• [WORK ORDER]: Leave out every picture and set down, exactly, the lines below from the one holding "with a brushed" up to and including the one holding "Dimensions: 24.5".

** DATA FOR ANALYSIS follows **

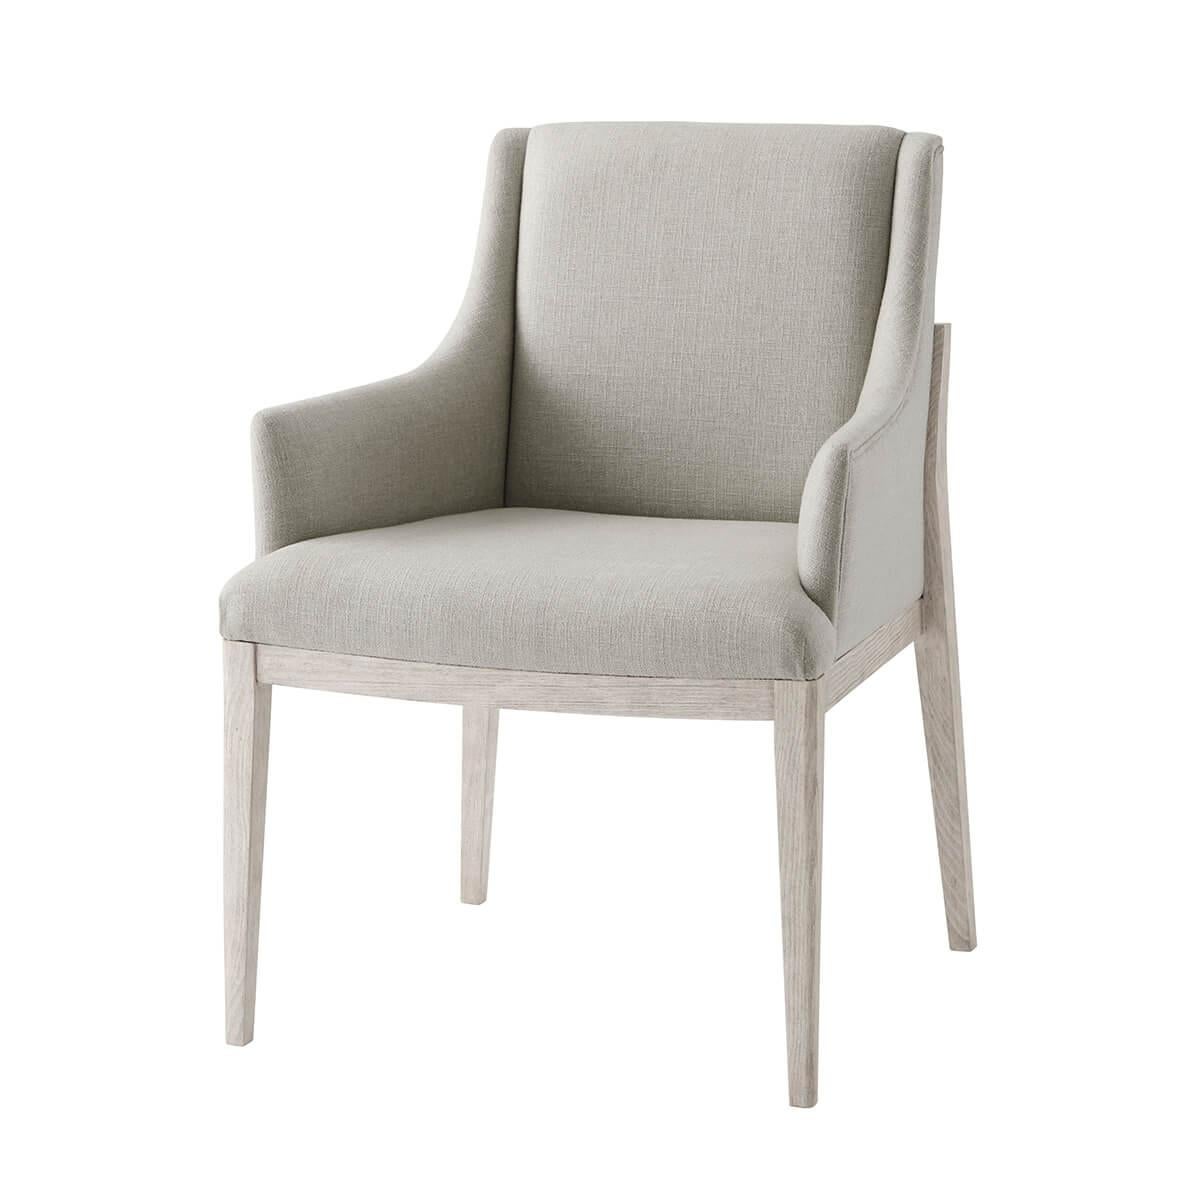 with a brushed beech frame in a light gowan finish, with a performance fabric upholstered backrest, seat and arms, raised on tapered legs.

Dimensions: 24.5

** End of DATA FOR ANALYSIS **
** DATA FOR ANALYSIS follows **

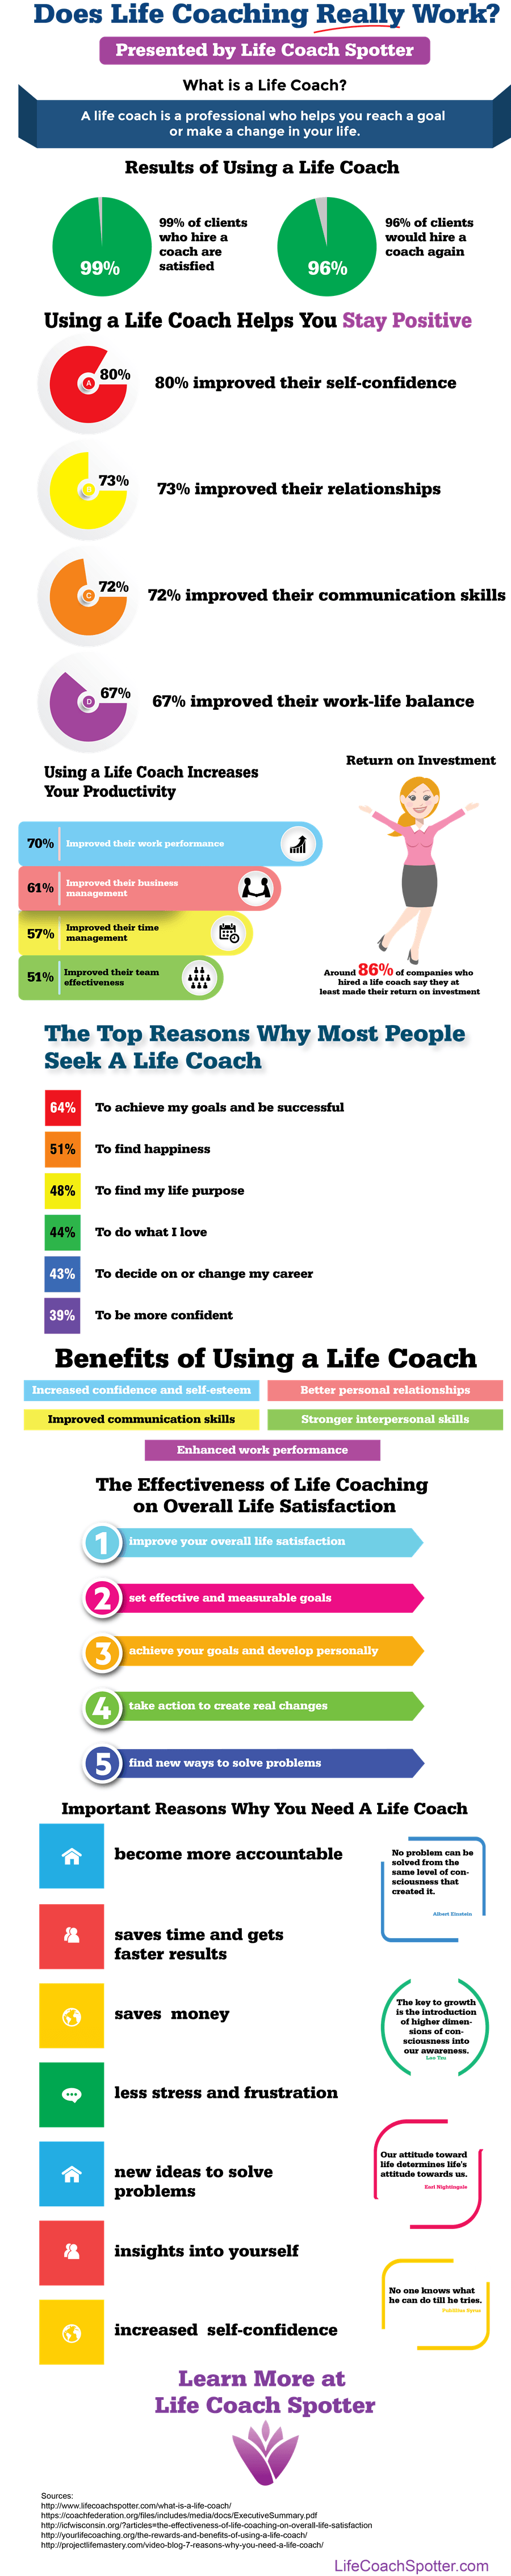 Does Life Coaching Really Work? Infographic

** End of DATA FOR ANALYSIS **
** DATA FOR ANALYSIS follows **

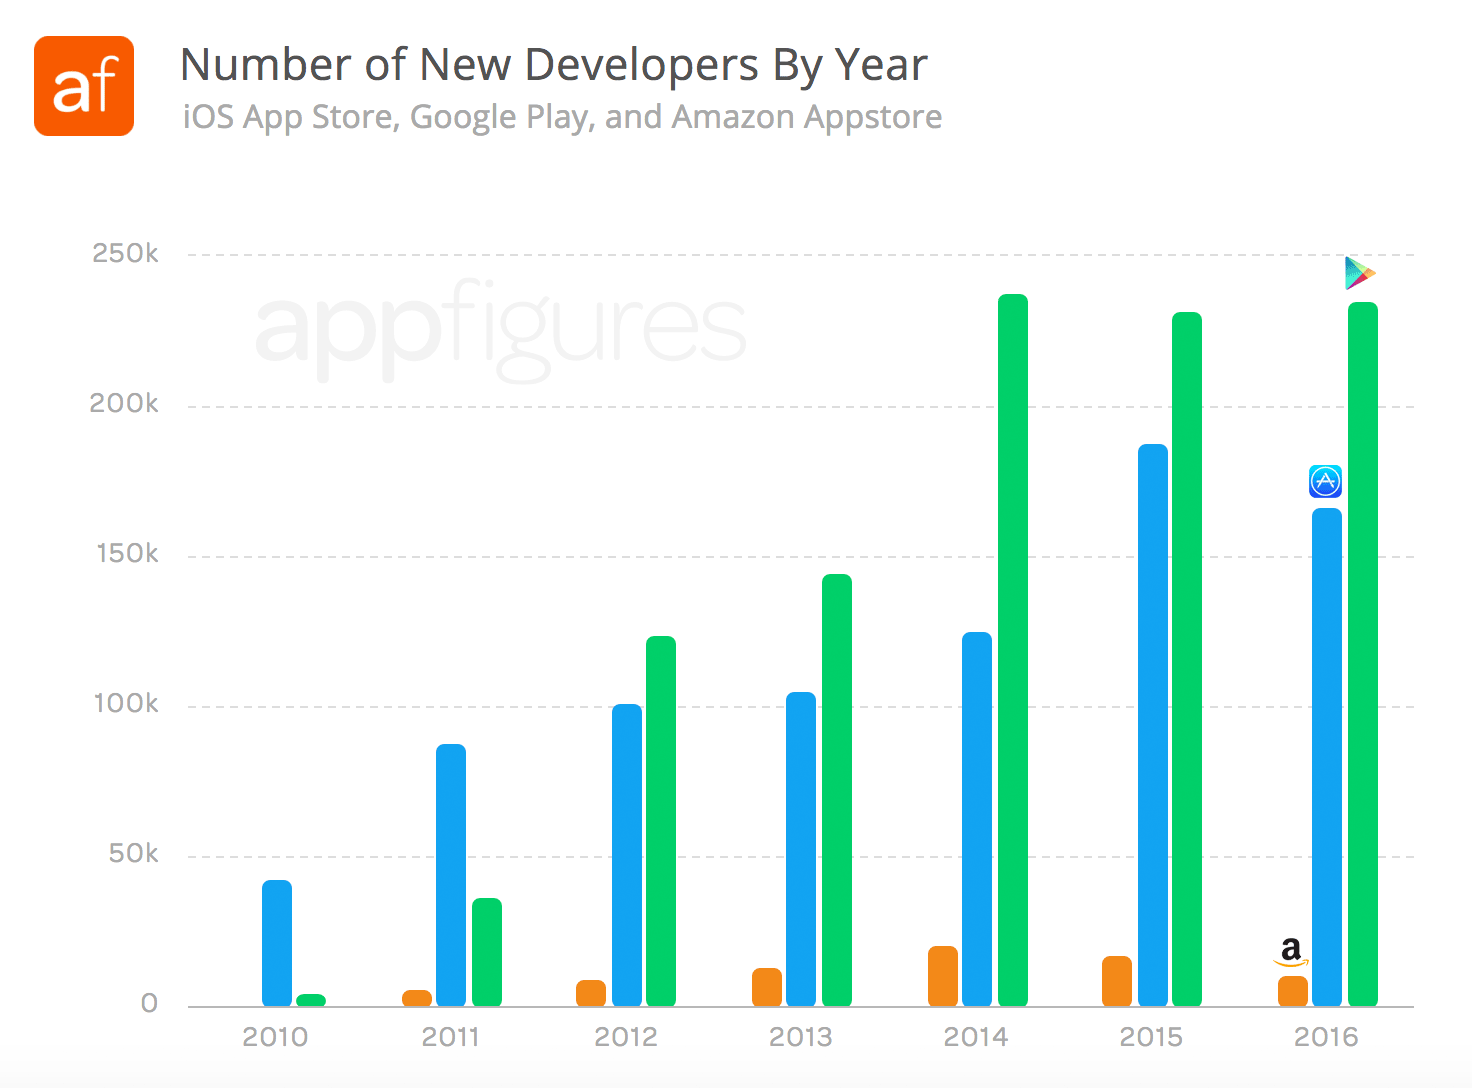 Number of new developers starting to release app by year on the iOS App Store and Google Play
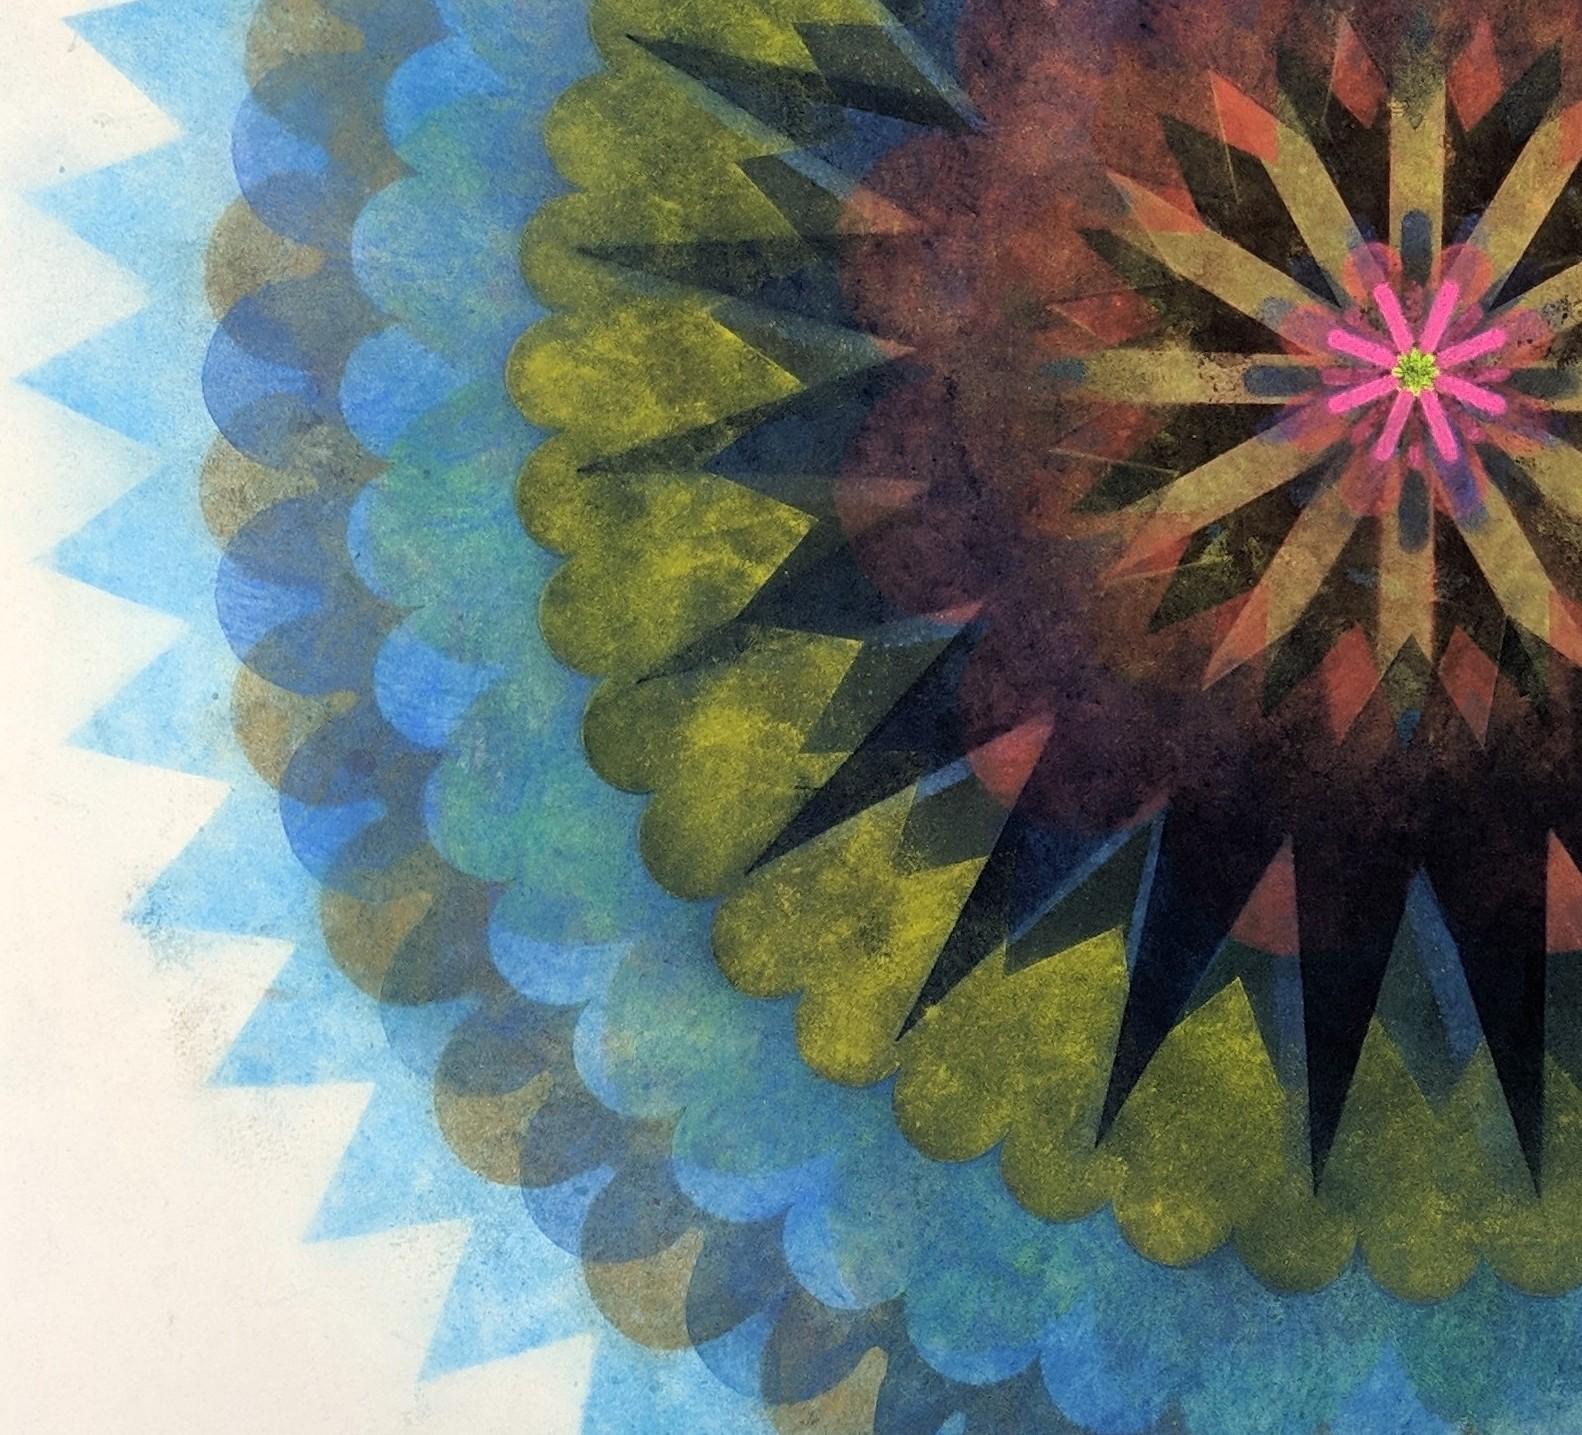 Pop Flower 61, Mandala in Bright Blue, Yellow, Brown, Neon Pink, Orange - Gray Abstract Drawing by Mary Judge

** End of DATA FOR ANALYSIS **

• [REPLY]:
 with a brushed beech frame in a light gowan finish, with a performance fabric upholstered backrest, seat and arms, raised on tapered legs.

Dimensions: 24.5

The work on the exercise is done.